Si deve invece lavorare sull'integrazione con molta decisione. L'Italia è un Paese con la sua storia e la sua identità: per inserirsi qui è necessario condividerne la cultura e rispettarne le leggi. C'è spazio per chi accetta di condividere la nostra storia e il nostro futuro. C'è bisogno di nuovi italiani. La ripresa economica porrà in breve il problema di nuovi lavoratori. Nonostante l'apporto dei migranti, il numero dei decessi ha superato quello delle nascite, mentre la popolazione invecchia. Bisogna pensare un futuro dell'Italia, in continuità con la sua storia, ma come una nazione "più larga". Il passaggio della cittadinanza ai bambini è decisivo in questa prospettiva. Si deve strapparlo alla strumentalità delle polemiche politiche. Qui si gioca il futuro di tanti bambini. E anche quello del nostro Paese.
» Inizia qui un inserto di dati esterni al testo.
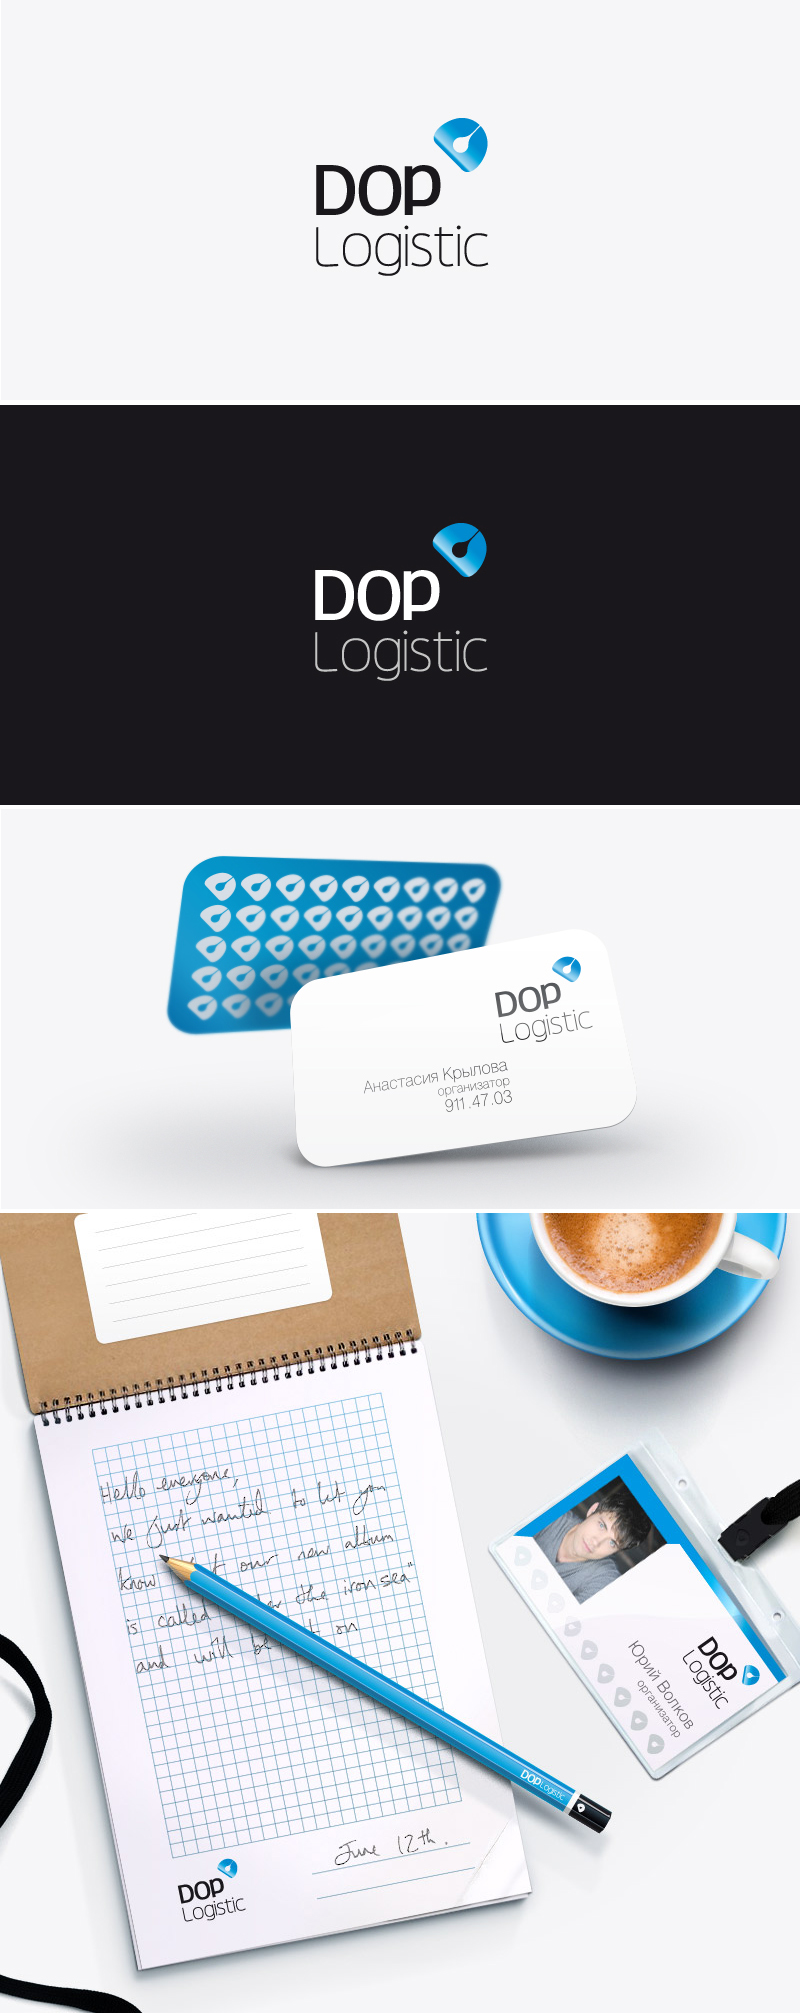 Dop Logistic

Ci sono problemi sulla strada dell'approvazione della legge per la cittadinanza ai bambini figli di stranieri nati in Italia o qui da lungo tempo. L'hanno chiamato Ius soli. In realtà è il nome dato dagli avversari al provvedimento, che lo considerano un'apertura indiscriminata a stranieri che invaderanno l'Italia.
La stampa e il dibattito politico hanno, erroneamente, accettato di parlare di lus soli. Credo sia corretto, invece, chiamarlo lus culturae, perché riguarda i nati in Italia, figli di stranieri, o quelli arrivati con i genitori prima dei 12 anni: questi possono diventare cittadini dopo aver compiuto con profitto un ciclo di studi di cinque anni o un corso professionale. Gli studi, cioè la cultura, sono un passaggio decisivo per diventare italiani e integrarsi nella società. Si parla anche di Ius soli temperato, che concede la cittadinanza ai nati in Italia o ai figli di genitori con permesso di soggiorno permanente o di lungo periodo. In questa prospettiva, nessuno diventa cittadino italiano solo perché partorito sul suolo della Repubblica. La cittadinanza si acquista identificandosi nell'identità italiana, fin da bambini.
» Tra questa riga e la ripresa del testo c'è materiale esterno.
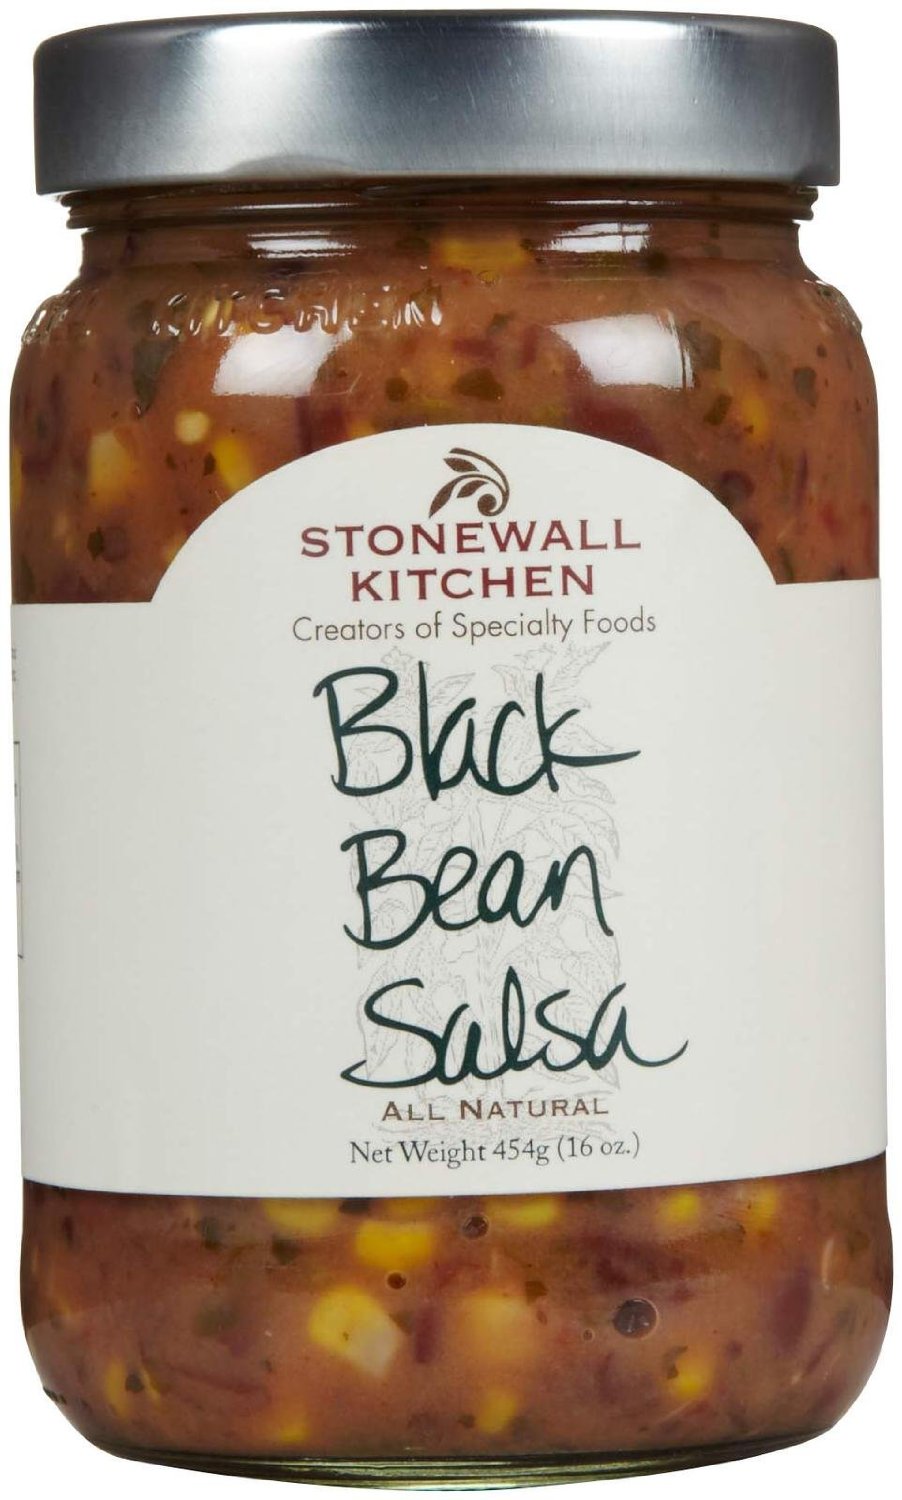 Stonewall Kitchen Black Bean Salsa, 16 oz.

Il problema è semplice: vogliamo riconoscere la cittadinanza ai bambini che crescono con i nostri figli e che pensano il loro futuro nel nostro Paese? Rifiutarla significa volere per loro una vita "separata" dagli italiani. Quindi, una ghettizzazione. Non si capisce perché l'Italia, che ha seri problemi demografici, si debba privare di gente che vive con noi, parla italiano e si pensa qui per sempre. Vuol dire che c'interessano solo le "braccia" dei migranti e non la loro vita. Alcuni affermano che significherebbe l'inizio dell'islamizzazione dell'Italia. Ma più della metà degli "stranieri" sono cristiani, non musulmani. Questo non solo è sbagliato, ma pericoloso.
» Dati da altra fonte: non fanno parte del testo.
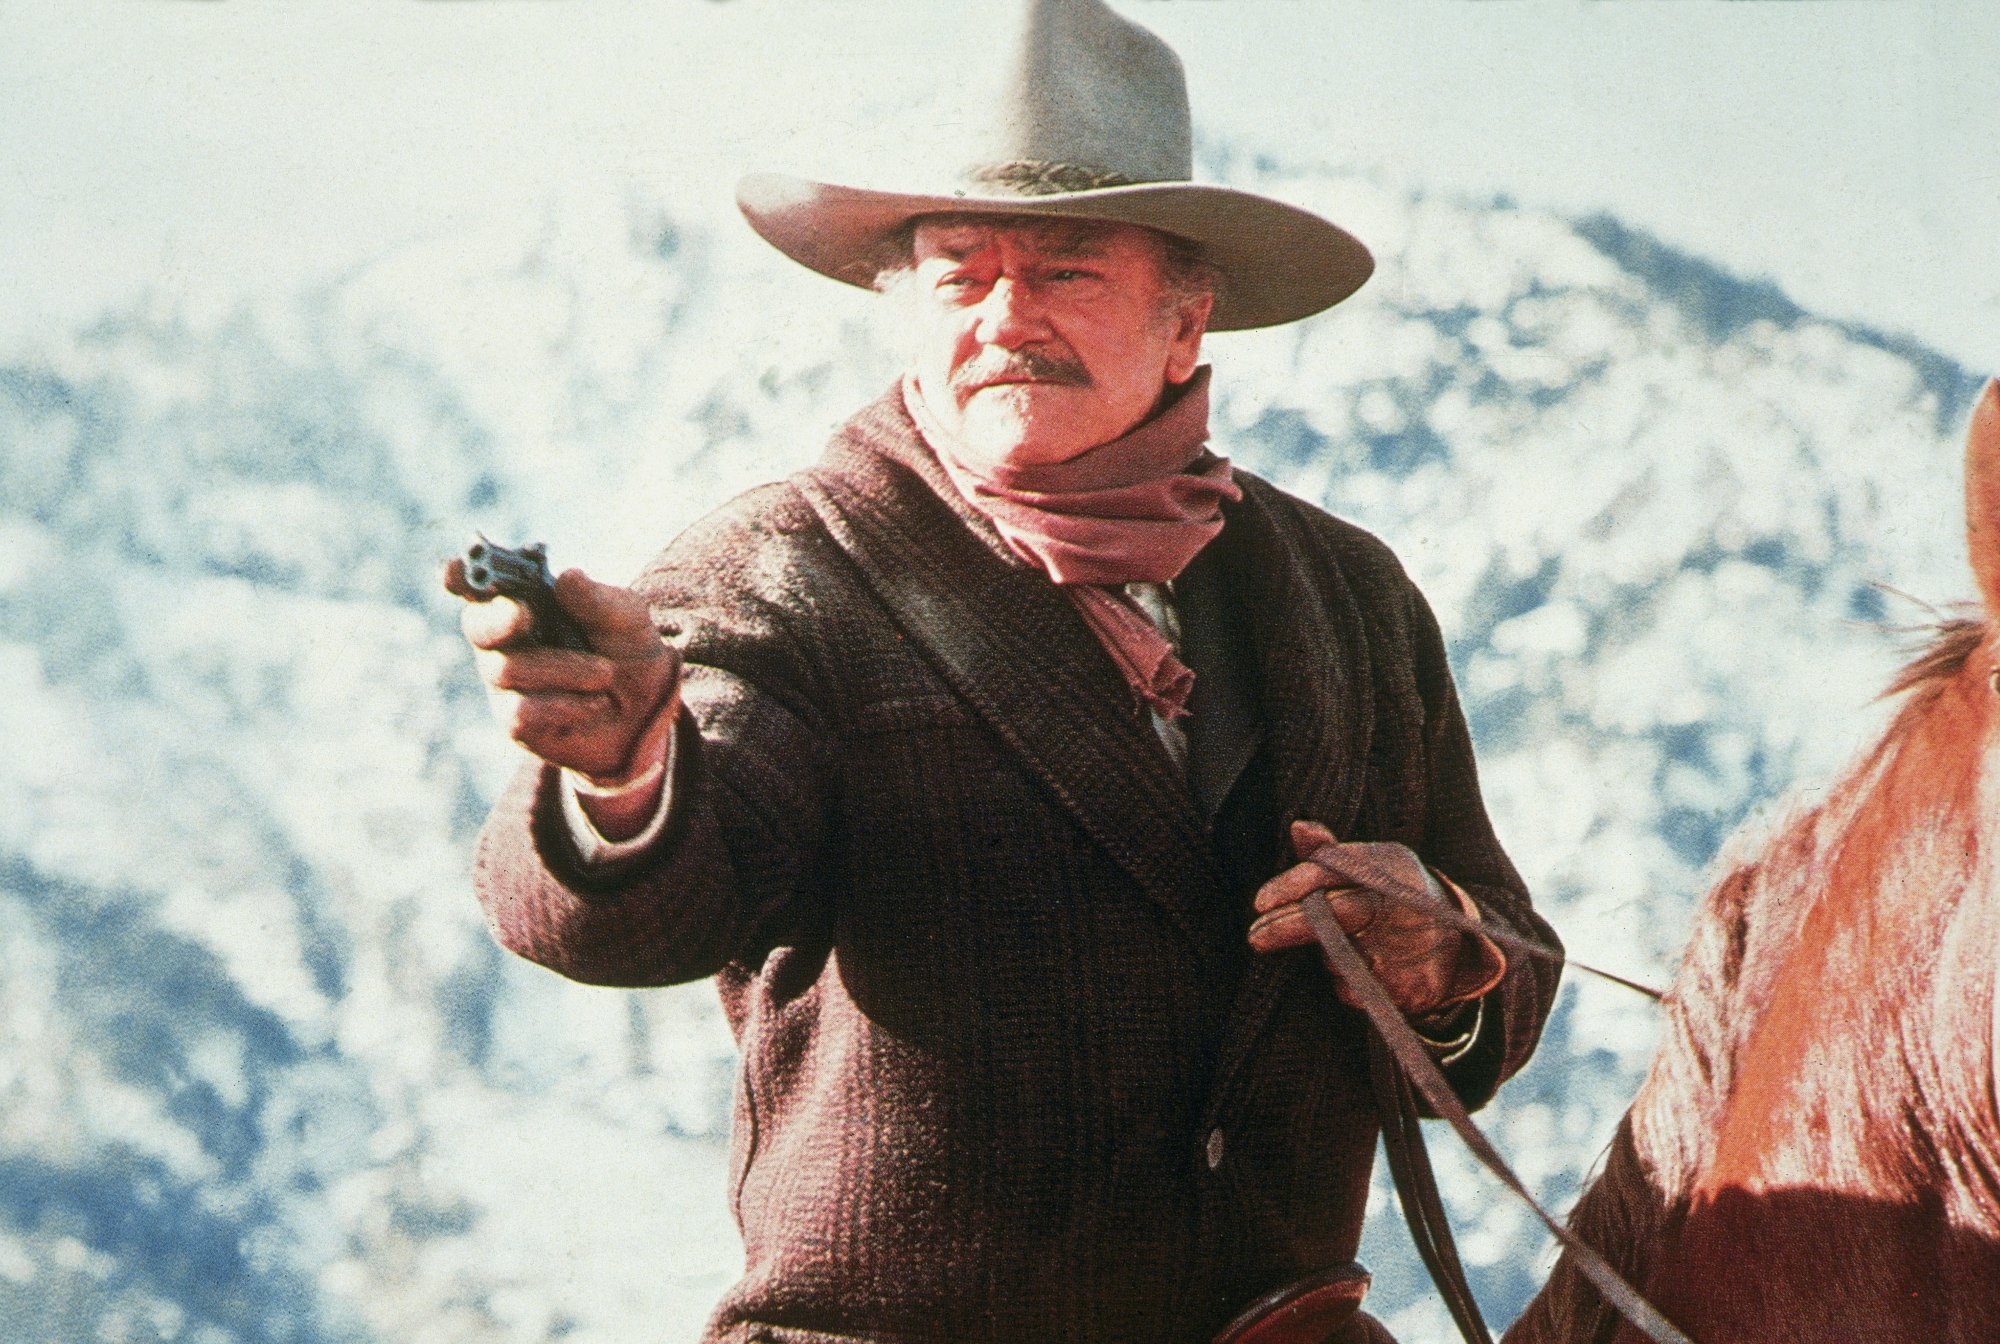 John Wayne movies 'The Shootist' aiming his gun while on horseback and wearing cowboy outfit

Si deve invece lavorare sull'integrazione con molta decisione. L'Italia è un Paese con la sua storia e la sua identità: per inserirsi qui è necessario condividerne la cultura e rispettarne le leggi. C'è spazio per chi accetta di condividere la nostra storia e il nostro futuro. C'è bisogno di nuovi italiani. La ripresa economica porrà in breve il problema di nuovi lavoratori. Nonostante l'apporto dei migranti, il numero dei decessi ha superato quello delle nascite, mentre la popolazione invecchia. Bisogna pensare un futuro dell'Italia, in continuità con la sua storia, ma come una nazione "più larga". Il passaggio della cittadinanza ai bambini è decisivo in questa prospettiva. Si deve strapparlo alla strumentalità delle polemiche politiche. Qui si gioca il futuro di tanti bambini. E anche quello del nostro Paese.